Wyong Little Learners Educational Program

 

Children learn most effectively through a child-centred approach which is based around their ideas and interests and has a strong family focus.

Teaming together a rich variety of skills, interests, training and experience Wyong Little Learners Child Care Centre staff are committed to the provision of a program which supports challenges and extends children as they strive to make meaning of their world.

We aim to:

- Utilise our centre Philosophy and goals as a basis for planning programs, setting up environments and for how we interact with children throughout our implementation of the curriculum.

- Create and sustain a learning environment in which children are challenged to be puzzled, to explore, to create and to be provoked to see the familiar in a different way.

- Acknowledge and extend children’s communicative, creative and intellectual competencies through the provision of genuine learning experiences with personal meaning for children.

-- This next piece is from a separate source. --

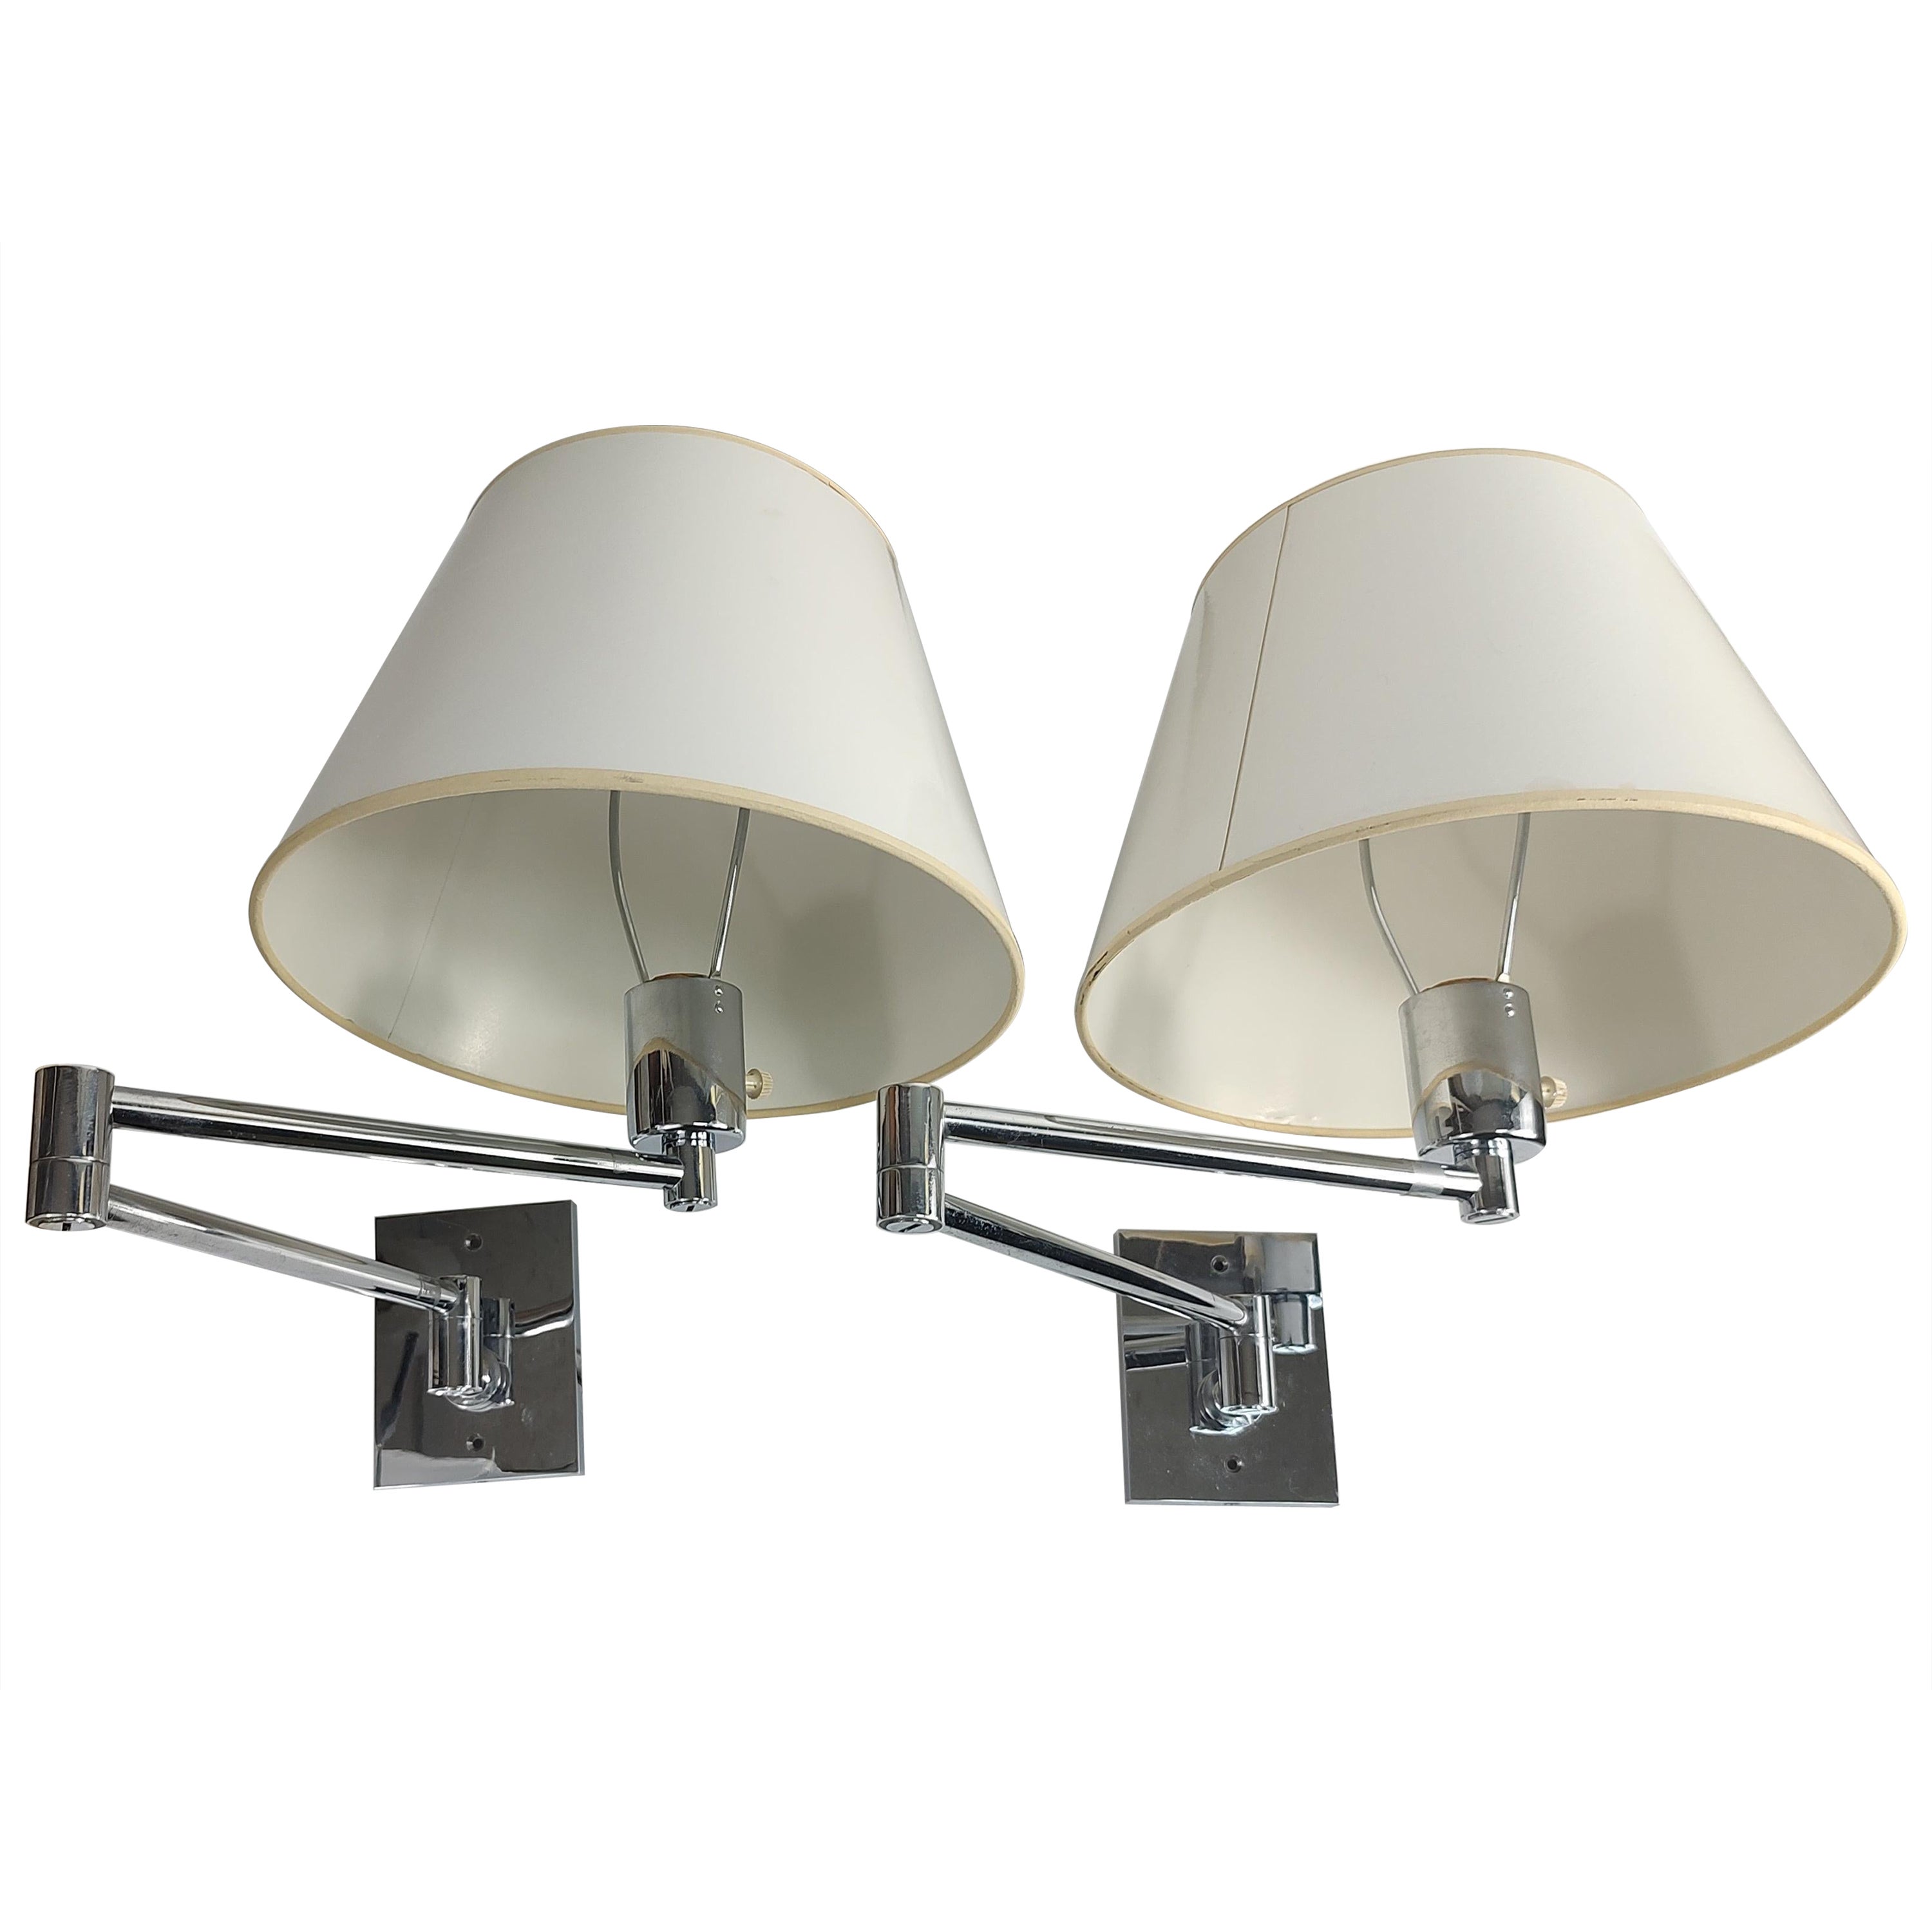 Pair of Mid Century Modern Chrome Swing Arm Wall Sconces By Hansen Lighting Co. For Sale

- Acknowledge the importance of play for children as a way of finding meaning and developing an understanding of their world.

- Use observation, as a powerful tool for developing a meaningful curriculum centred on the children’s own needs, interests and ideas.

- Encourage positive interaction, negotiation, and co-operation between children through small and large group collaborative projects based around the interests and ideas of the children involved.

- Acknowledge the need to belong, to be involved and to have a sense of ownership within the learning environment.

- Collaborate with families in a shared approach to children’s education and care, viewing the importance of parents, and extended family members as both recipients and contributors of information.

- Honor children’s work and their construction of knowledge through the use of ongoing documentation and display which children can share with each other and their families.

- Build on children’s interests, to make different types of learning and activities meaningful for children – a planning approach that is ‘integrated’, allows children to take part in activities that focus on all of the different developmental areas, which are generally outside of their normal play choices, only because these are planned around something (interests) they want to be involved in. Interest based learning assists children in becoming confident and successful learners.

Implementation

· Note: applies equally to both the indoor and outdoor environment and programs as both are equally important.

· Communicating with, and listening to children to find out how they see the world is a good first step to encourage curiosity in learning and to get them used to asking questions about what they are exploring

· Recording children’s communication is an essential as part of your observations, and for further planning

· The set up of the environment should encourage children to settle into activities and extend their play, and the use of permanent learning areas in a defined space and with baskets of other resources freely available for children to choose from to give them options to extend what they are doing.

· Daily recording formats such as a daily diary or program allow you to focus in on learning that occurs throughout the day and use this as a basis for further planning both immediately and in the following days.

· The daily format provided utilises the permanent learning areas within the environment as the set play areas where children’s learning is extended and through discussion with children and utilising group times in addition to this, children can extend their interests within these set areas. The format allows for planned activities to be written into the set permanent learning areas on a daily basis or weeks ahead if needed, but provides a daily evaluation section that incorporates observations of what the children did in that area, along with the interpretation and evaluation for that area and experiences within it.

· These observations/evaluations can be then transferred into the children’s individual developmental portfolios to show the child’s developmental progress over time.

· Group times are flexible and can be used for large or small group activities depending on what the children are currently learning about

· A developmental style report issued half yearly and at the end of the year provides families with additional insight into their child’s learning and development at the centre and follow-up carer and family meetings can be arranged to further discuss their child as needed throughout the year.